### [WORK INSTRUCTIONS]
Those lines of the data that hold the word "Wallpaper" are to be copied out.

Stored records:
════════════════════

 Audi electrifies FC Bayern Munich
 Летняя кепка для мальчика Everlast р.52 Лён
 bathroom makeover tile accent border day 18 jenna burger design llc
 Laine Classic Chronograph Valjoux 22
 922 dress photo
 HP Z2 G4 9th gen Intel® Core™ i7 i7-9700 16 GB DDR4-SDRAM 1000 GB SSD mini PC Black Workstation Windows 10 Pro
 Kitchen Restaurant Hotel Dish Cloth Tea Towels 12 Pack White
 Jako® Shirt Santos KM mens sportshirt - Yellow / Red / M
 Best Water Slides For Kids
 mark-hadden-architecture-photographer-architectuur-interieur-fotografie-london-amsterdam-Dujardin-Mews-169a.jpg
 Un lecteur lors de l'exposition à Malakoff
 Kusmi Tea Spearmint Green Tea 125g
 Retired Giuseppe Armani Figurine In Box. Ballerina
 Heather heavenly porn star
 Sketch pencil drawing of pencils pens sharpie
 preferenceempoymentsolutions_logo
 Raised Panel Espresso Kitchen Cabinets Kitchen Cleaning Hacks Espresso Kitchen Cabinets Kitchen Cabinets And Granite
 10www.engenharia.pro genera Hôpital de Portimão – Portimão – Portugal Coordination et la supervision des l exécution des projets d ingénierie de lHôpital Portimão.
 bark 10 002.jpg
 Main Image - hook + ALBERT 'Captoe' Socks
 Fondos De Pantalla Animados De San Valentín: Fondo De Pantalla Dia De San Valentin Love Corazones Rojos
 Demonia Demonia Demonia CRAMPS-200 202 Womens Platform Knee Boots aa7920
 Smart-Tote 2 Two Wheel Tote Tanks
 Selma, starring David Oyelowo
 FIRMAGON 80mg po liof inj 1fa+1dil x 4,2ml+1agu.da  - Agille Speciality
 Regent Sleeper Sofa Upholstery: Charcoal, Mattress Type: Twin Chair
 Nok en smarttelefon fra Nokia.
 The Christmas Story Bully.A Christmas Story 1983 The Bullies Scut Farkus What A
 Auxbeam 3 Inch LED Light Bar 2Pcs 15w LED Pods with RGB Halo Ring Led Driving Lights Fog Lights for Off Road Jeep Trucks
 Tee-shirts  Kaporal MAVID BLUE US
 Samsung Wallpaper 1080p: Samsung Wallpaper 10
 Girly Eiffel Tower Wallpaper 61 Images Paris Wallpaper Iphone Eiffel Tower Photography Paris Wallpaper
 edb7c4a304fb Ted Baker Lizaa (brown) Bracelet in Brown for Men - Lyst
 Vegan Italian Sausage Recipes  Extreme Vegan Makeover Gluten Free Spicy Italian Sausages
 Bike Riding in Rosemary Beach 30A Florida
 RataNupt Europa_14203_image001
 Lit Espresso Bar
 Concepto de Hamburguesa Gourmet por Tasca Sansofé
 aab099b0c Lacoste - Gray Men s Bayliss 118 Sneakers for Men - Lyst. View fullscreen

════════════════════

### [TASK RESULT]
 Samsung Wallpaper 1080p: Samsung Wallpaper 10
 Girly Eiffel Tower Wallpaper 61 Images Paris Wallpaper Iphone Eiffel Tower Photography Paris Wallpaper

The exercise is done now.